Regarding the Lexile Framework for Reading:
As teachers, we must take care what we tell parents about lexile measures. Lexiles seem like an easy answer when choosing reading material, but these measures are a quantitative measure only and do not take into account text complexity, content, themes, literary quality, or whether or not the material is appropriate for the maturity and values of the child.
Lexiles are sometimes valuable for choosing guided reading and for specific reading instruction. For individual leisure reading, students should have the freedom to choose what they enjoy. If they love reading, their fluency and comprehension will improve with practice, and they won’t practice if they hate books. The data in To Read or Not to Read (2007) says that more people can read but don’t than people who can’t read at all.

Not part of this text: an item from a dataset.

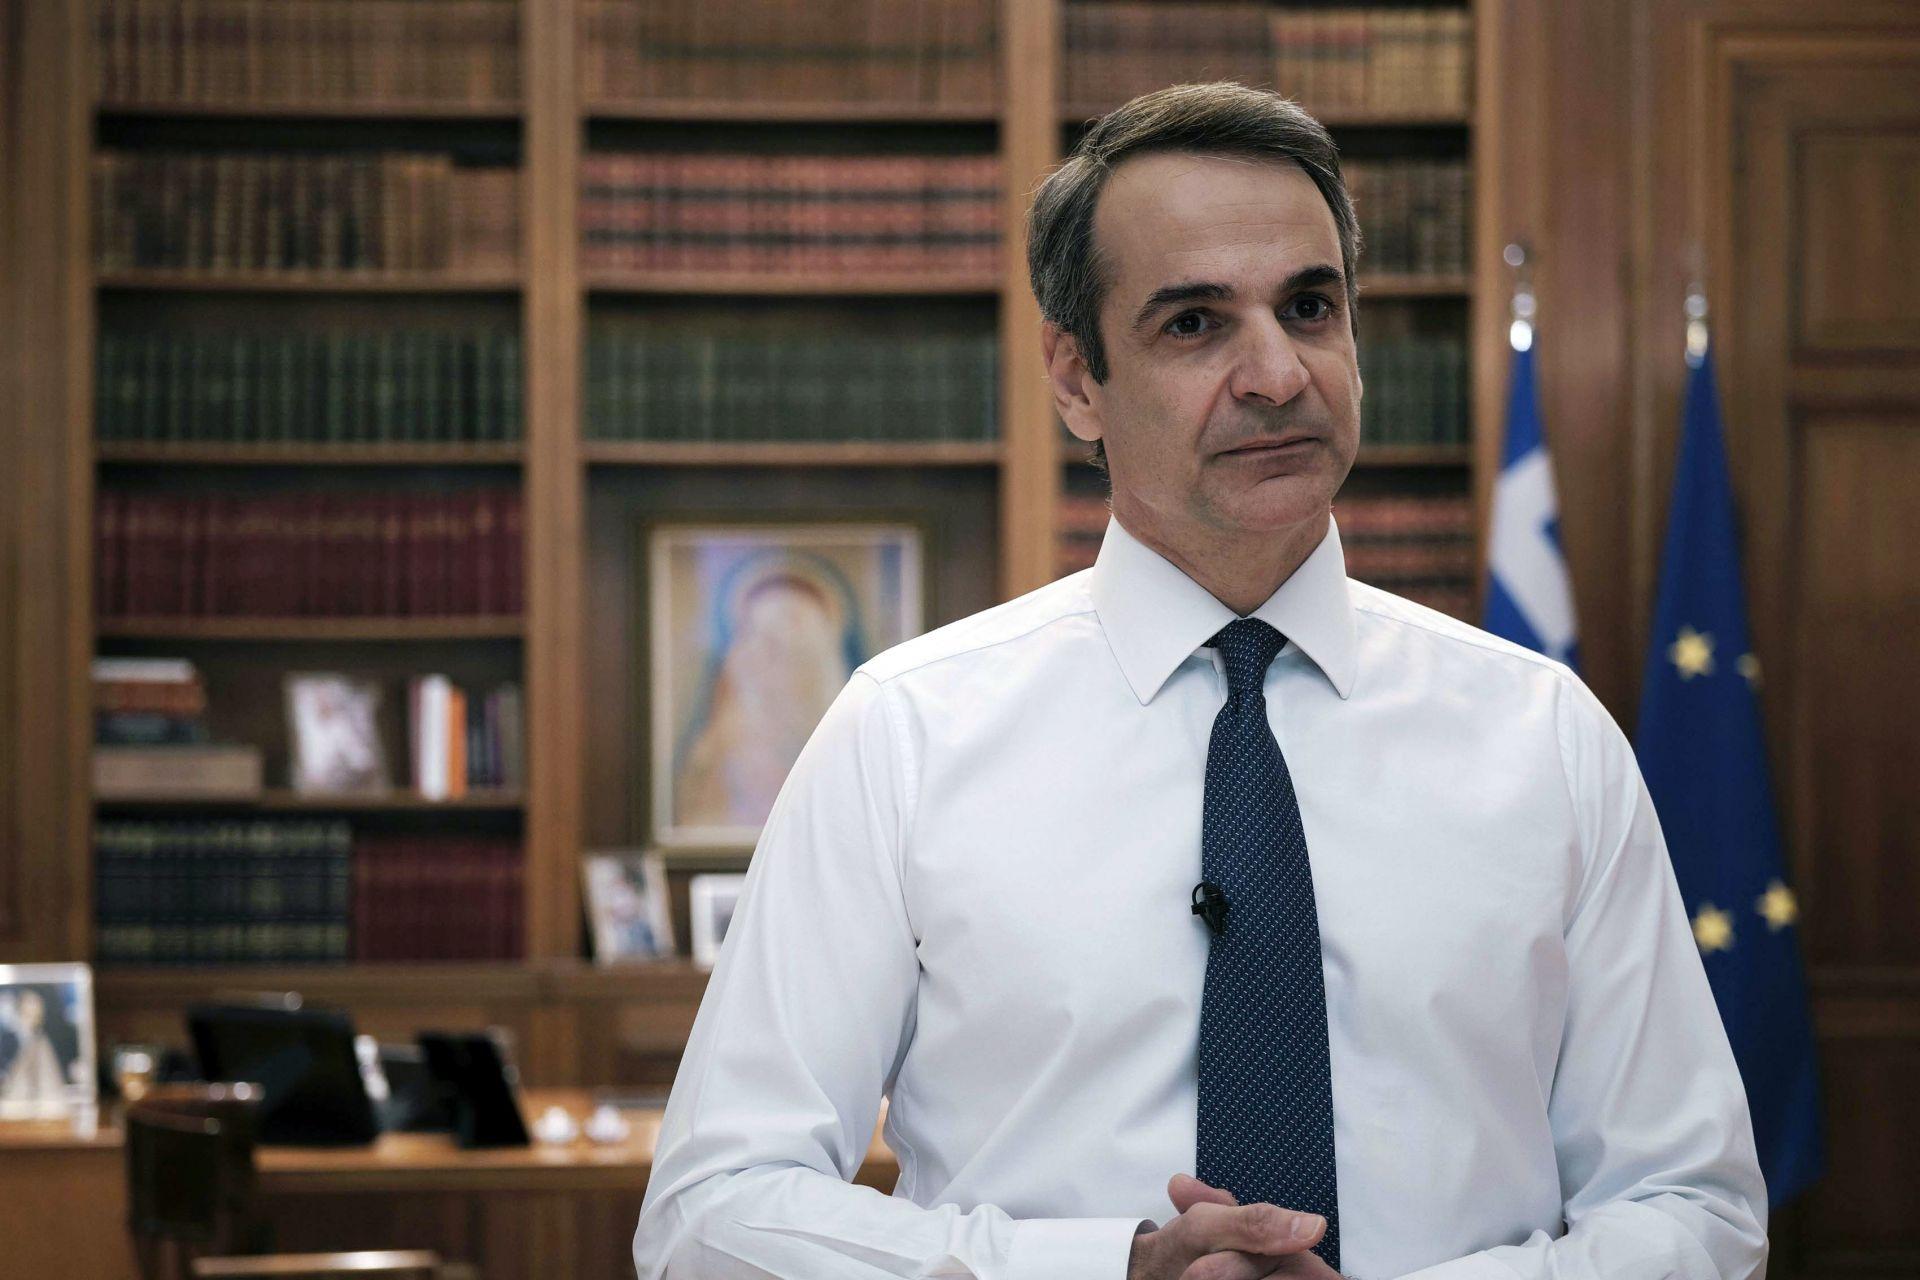 Гръцкият премиер Кириакос Мицотакис обяви график с хоризонт от два месеца, на основата на който ще бъдат постепенно облекчавани строгите ограничителни мерки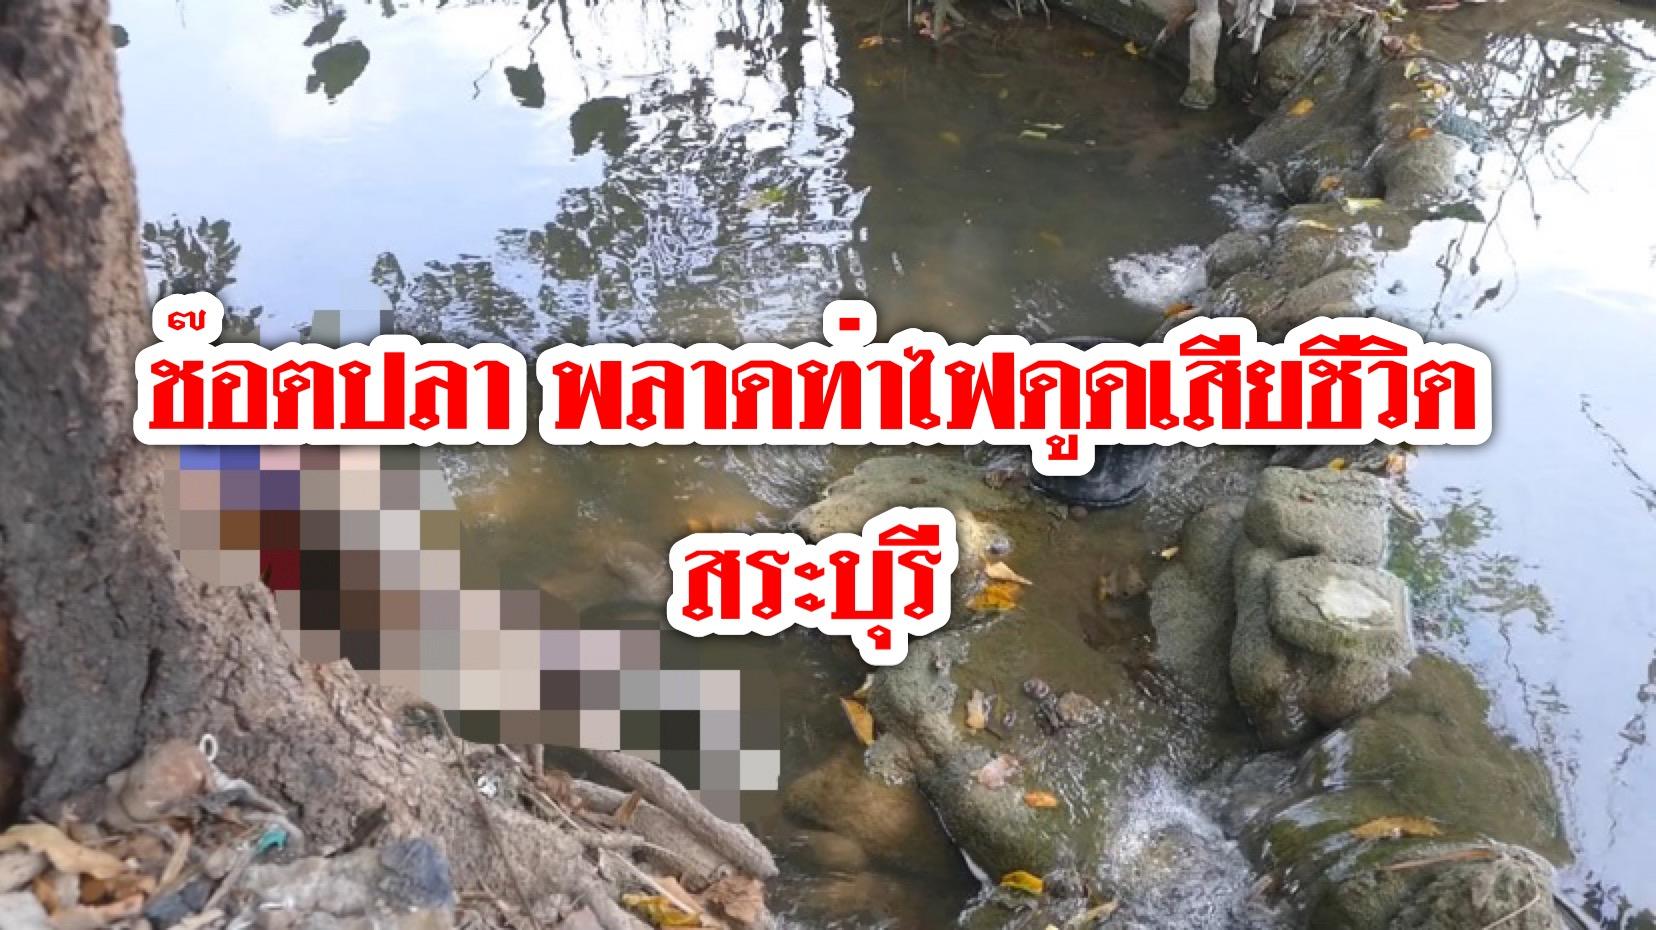 สระบุรี หนุ่มใหญ่วัย 59 ปี ต่อสายไฟช๊อตปลาในคลองน้ำ พลาดท่าไฟฟ้าดูดเสียชีวิต

Stephen Krashen has made a career of studying reading research, and his conclusion is that it doesn’t matter what kids read as long as they do read. (Krashen. The Power of Reading. 2004)
A Complete Reader must be proficient in phonetics, fluency, comprehension, semantics, and syntax, yes, but the interest, attitude, motivation, and engagement must underlie the technicalities. (Mayne, 1915; cited in Igniting a Passion for Reading: Successful Strategies for Building Lifetime Readers by Steven Layne) “It should be the teacher’s aim to give every child a love of reading, a hunger for it that will stay with him through all the years of his life.”
Choosing books by lexile measures alone changes students’ priorities so the only thing that matters is the reading level. This cuts the soul right out of literacy and what it means to be a literate person.